* [Problem statement] Determine how many lines below contain the word "your", then state only that figure.

= = =

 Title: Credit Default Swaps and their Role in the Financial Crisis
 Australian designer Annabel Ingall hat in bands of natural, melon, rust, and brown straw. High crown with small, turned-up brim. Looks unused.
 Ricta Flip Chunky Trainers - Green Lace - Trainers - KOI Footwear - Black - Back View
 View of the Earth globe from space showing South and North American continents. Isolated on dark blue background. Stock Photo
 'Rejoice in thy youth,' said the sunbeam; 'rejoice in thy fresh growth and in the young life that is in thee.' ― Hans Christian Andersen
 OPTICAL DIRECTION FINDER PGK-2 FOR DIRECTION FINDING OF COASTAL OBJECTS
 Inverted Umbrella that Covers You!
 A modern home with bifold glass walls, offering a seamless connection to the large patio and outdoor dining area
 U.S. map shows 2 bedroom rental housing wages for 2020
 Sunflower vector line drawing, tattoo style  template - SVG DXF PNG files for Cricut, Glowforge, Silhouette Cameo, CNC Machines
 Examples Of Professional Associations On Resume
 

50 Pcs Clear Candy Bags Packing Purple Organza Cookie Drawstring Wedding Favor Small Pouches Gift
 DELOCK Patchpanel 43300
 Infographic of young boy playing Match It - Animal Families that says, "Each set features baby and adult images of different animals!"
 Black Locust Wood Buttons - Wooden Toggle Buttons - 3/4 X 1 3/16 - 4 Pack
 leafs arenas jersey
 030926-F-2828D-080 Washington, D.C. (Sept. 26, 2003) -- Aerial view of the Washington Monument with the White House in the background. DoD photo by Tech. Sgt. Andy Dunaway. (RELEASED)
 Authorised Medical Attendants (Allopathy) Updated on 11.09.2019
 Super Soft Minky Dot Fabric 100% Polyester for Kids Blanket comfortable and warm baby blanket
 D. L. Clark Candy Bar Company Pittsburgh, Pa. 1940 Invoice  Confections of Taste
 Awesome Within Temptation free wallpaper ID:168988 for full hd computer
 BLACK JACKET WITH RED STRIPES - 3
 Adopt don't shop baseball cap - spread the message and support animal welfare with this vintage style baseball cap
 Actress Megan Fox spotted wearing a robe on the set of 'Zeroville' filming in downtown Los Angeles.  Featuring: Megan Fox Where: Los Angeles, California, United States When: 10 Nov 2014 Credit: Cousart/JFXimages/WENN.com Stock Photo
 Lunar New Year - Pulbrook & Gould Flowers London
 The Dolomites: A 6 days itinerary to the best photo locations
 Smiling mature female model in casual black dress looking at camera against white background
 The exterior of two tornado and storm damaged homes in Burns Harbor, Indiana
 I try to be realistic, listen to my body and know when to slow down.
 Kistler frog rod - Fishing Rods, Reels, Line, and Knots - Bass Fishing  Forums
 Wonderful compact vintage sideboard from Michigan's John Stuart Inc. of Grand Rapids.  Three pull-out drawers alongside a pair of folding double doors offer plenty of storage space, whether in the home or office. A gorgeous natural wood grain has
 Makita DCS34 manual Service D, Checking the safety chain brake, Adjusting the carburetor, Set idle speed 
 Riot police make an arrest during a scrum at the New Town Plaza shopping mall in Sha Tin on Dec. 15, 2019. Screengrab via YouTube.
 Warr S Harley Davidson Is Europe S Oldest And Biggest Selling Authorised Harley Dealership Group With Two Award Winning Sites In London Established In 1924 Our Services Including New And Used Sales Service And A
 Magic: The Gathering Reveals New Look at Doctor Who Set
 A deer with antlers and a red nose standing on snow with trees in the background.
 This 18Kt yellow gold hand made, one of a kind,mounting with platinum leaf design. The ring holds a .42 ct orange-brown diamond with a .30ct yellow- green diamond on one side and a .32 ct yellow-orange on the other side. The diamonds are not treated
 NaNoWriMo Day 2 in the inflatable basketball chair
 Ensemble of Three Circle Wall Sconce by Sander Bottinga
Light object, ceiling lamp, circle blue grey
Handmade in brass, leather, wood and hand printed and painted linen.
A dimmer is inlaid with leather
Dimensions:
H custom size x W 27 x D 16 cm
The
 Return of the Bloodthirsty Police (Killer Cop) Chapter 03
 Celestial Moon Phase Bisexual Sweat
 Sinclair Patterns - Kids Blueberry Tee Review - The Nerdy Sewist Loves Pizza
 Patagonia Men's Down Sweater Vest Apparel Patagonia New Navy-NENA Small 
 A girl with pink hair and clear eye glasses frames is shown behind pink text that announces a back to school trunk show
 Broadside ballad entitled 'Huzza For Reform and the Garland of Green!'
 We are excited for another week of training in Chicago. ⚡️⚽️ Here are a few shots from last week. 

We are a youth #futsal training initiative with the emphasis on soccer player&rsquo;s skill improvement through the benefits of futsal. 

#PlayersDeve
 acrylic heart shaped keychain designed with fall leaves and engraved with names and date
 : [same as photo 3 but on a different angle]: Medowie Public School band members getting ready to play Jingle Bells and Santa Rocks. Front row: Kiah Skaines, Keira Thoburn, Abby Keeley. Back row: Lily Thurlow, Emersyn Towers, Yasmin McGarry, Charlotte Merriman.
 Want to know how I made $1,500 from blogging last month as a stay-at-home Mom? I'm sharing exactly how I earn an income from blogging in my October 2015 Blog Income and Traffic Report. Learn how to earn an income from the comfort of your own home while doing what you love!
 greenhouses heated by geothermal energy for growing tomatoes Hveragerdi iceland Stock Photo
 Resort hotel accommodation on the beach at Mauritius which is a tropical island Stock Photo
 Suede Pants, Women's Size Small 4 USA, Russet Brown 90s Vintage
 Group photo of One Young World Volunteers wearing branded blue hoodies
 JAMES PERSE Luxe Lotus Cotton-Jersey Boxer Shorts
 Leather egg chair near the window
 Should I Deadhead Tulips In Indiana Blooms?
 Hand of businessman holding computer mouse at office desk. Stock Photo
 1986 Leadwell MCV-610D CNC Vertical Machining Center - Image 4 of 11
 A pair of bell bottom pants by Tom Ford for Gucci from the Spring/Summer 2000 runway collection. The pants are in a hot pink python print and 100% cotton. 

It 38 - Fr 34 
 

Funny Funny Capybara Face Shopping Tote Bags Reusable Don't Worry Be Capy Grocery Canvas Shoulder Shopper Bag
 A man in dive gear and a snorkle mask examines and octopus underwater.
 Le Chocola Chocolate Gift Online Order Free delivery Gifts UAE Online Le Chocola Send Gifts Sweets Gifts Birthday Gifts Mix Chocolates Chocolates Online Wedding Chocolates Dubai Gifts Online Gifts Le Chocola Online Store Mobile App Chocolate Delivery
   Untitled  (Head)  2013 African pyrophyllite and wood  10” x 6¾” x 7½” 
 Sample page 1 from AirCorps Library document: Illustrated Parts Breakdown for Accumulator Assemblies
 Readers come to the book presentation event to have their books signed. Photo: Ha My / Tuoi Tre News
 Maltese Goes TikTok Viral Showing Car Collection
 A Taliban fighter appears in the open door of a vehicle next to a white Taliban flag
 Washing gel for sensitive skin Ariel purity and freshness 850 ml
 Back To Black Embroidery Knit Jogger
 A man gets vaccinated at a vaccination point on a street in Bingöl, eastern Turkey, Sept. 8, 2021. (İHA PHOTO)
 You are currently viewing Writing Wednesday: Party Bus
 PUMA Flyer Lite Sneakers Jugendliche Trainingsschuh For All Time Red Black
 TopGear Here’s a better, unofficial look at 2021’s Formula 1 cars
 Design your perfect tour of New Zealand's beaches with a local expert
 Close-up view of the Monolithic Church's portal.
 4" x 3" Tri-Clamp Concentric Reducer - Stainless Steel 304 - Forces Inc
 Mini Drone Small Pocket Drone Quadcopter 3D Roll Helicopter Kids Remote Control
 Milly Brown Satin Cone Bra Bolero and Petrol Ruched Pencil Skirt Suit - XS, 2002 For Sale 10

= = =

* [Result of the exercise] 2